Thank you again for taking time to read.
Yours ever
The Perfumed Dandy
Wonderful piece! The first person I knew that had a ‘signature scent’ was a jazz musician called Ivan and that signature was Mitsouko. That was too many years ago and I was young and in love – not with him, although he was quite something! – with the music and Mitsouko but it took me a long time to feel I had the confidence and esprit to wear it myself. Now I can’t imagine not having a bottle in my collection. Some day I will have the pure heaven of the pure parfum.
Dearest Bee
How ever did I miss this comment!?!
Now that’s something of a scented tale… a jazz musician called Ivan with Mitsouko as his signature. Novels have been written about less.

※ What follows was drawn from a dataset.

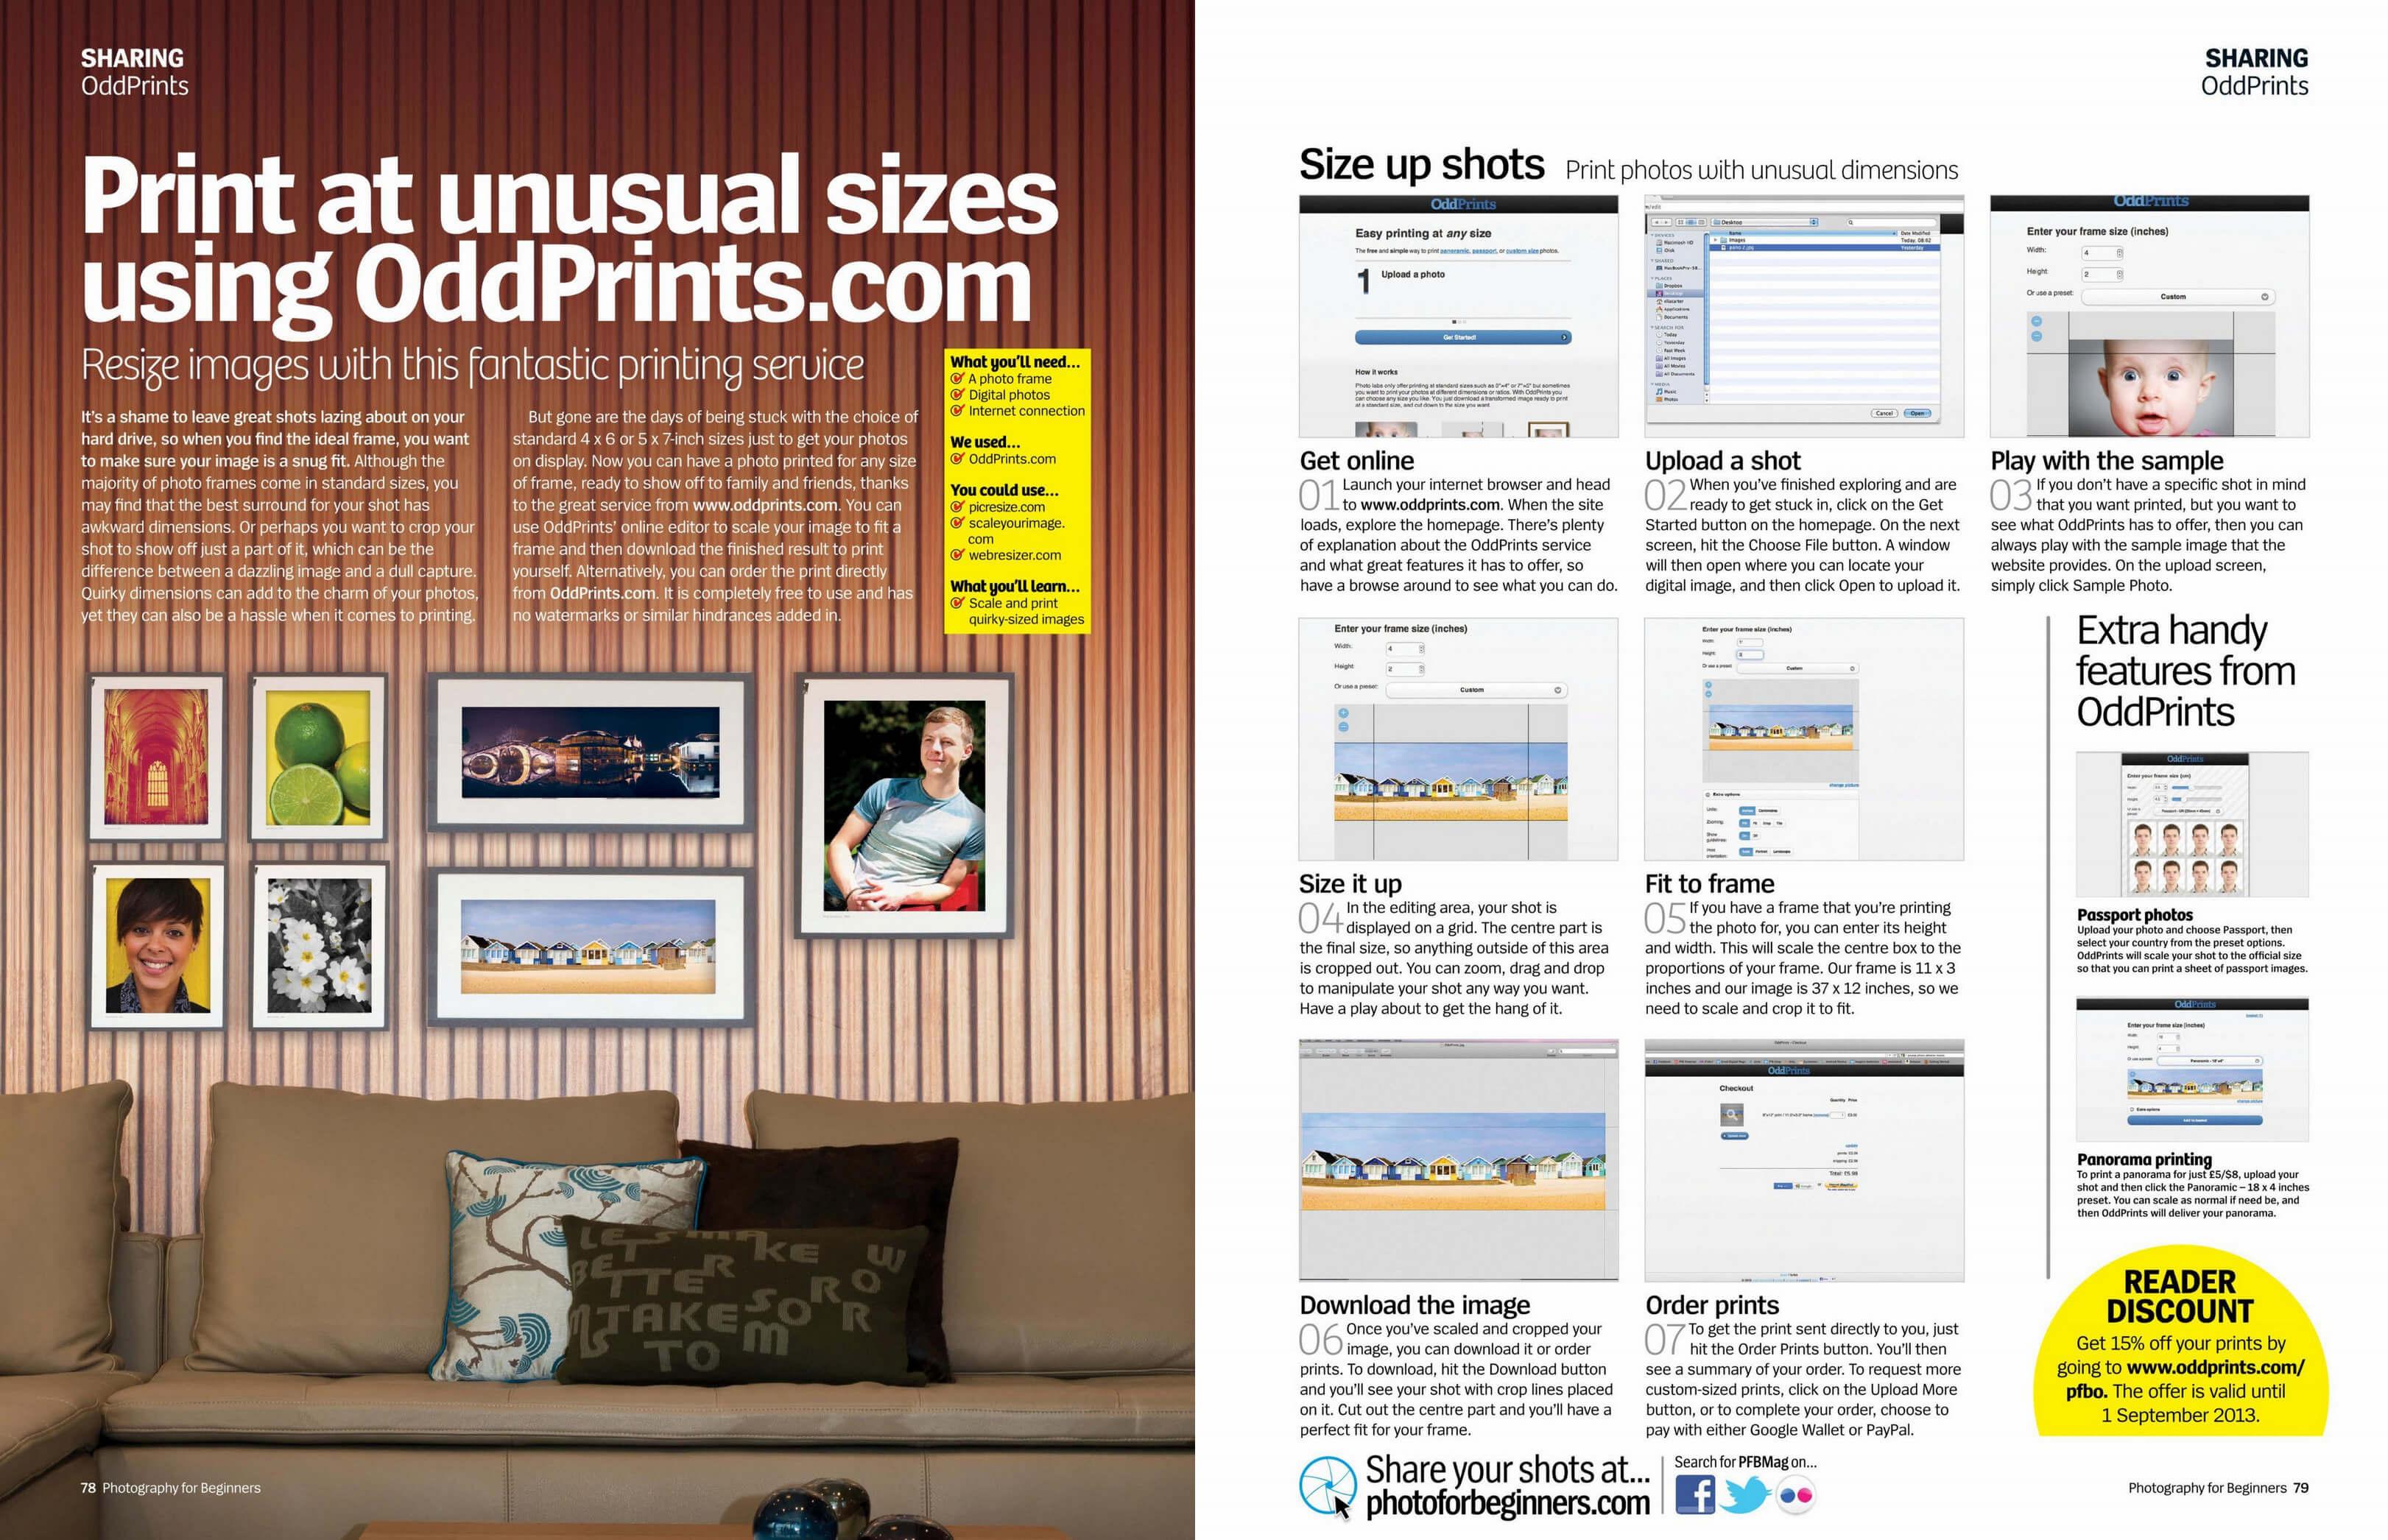 OddPrints - Easy printing for tricky frames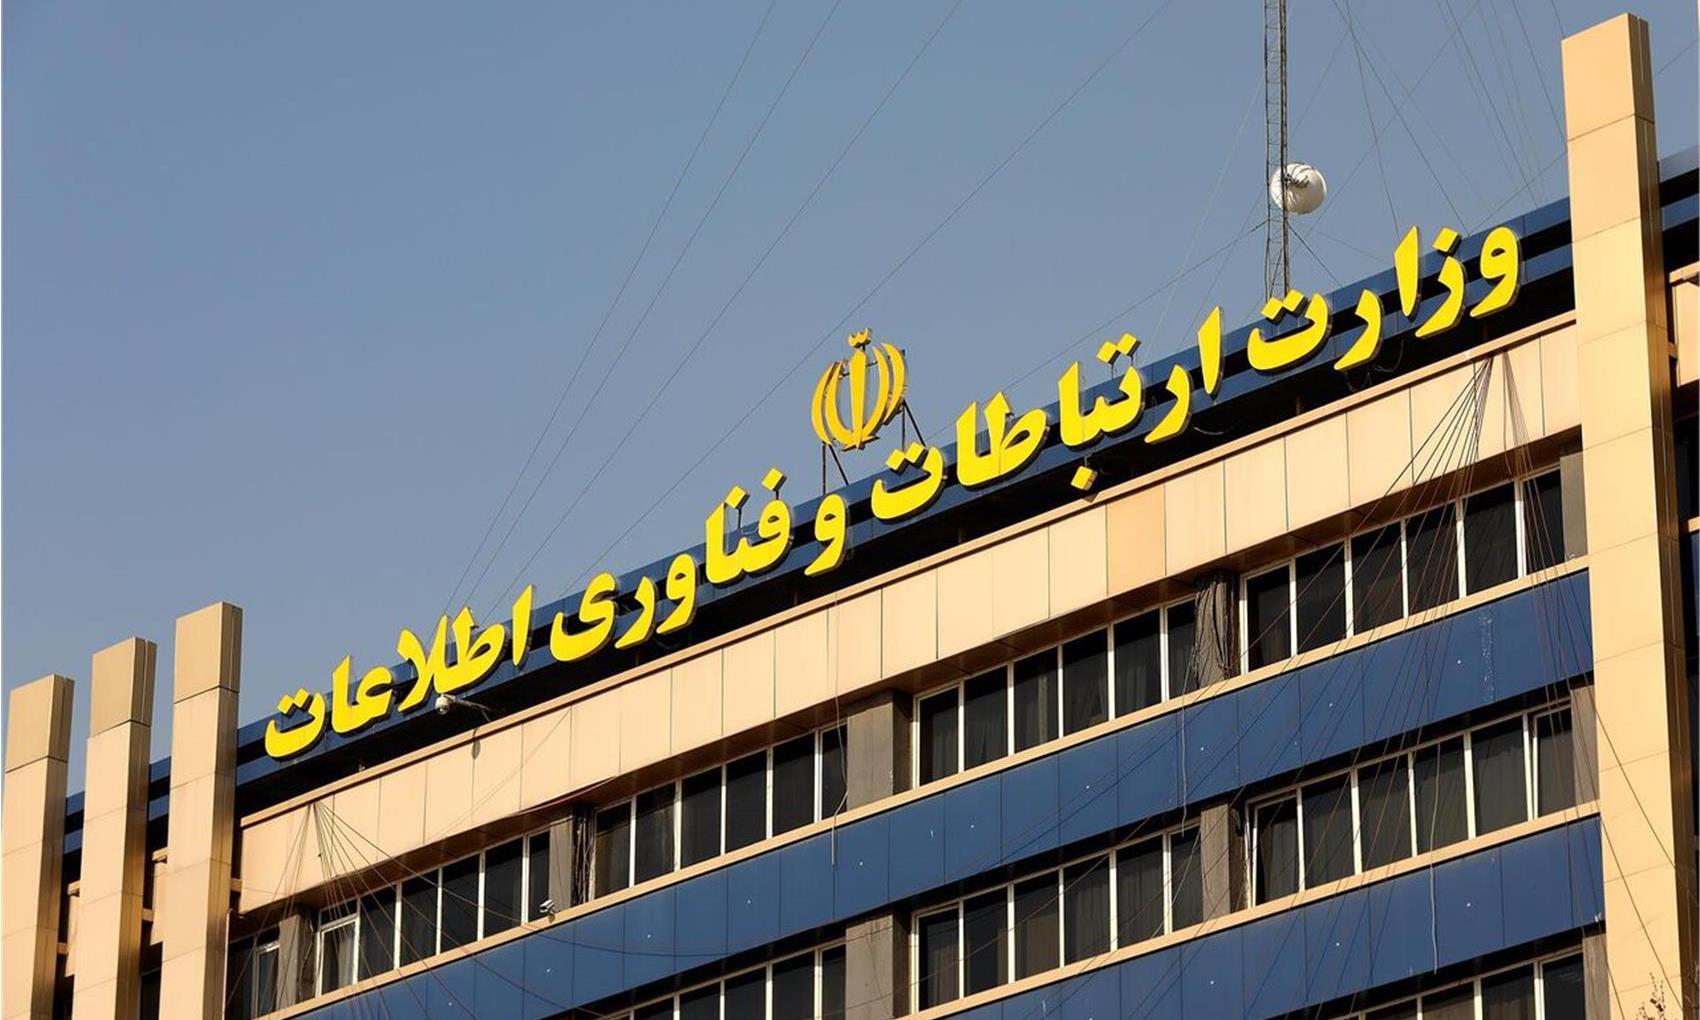 شکایت وزارت ارتباطات از ایرانسل، همراه اول و مخابرات به دلیل اختلال عمدی در «کلاب هاوس»

I must confess to being with you, it’s a perfume I can;t imagine ever wanting to be without.
Yours ever
The Perfumed Dandy
Reblogged this on The Perfumed Dandy. and commented:
The Post You Love Most. Looking back over the last year The Dandy noticed a strange thing, there is one scented letter far more adored than all the others… Mitsouko. It has been read, so the figures say, almost ten times more than any other of my aromatic missives. In fact, one in twenty visits here is to pay homage to Guerlain’s masterpiece. Let us do so again this Sunday. Yours ever, The Perfumed Dandy
Maybe Mitsouko is your most searched perfume because it is so lauded by the pundits and yet many many people don’t have a good result with it. It is a very difficult perfume to understand. Do you love it, do you hate it??? I was bitterly disappointed with Mitsoukop but the more I wear it the more it opens up. Other of your blog followers have said the same. Is it the perfume that opens up or is it our olefactory sense? So many unanswered questions!!!
A mystery. Many perfumes have no mystery whatsoever.
Dearest Jenny
A good point.
I’ve pondered long and hard as to why Mitsouko should be just so far out in front.. I mean nearly ten times more views!
But perhaps you’re right, a perfume that leaves people conflicted over its virtues is bound to have them searching for alternate views.
Personally I adore Mitsouko. but then have an affinity with chypres and animalics (I find that petrol note slightly skanky on my skin) and so it would be my kind of thing.
I say its peerless, maybe it would be more precise to say that it has been made peerless… Coty’s Chypre and others that would have formed its fraternity have fallen away or been mutilated by reformulation over the years, so it seems to stand rather alone.
Maybe it is this sense of being the last scent standing that makes it such a mystery, for an enigma it is and I’m convinced you’re right that is a large part of its attraction.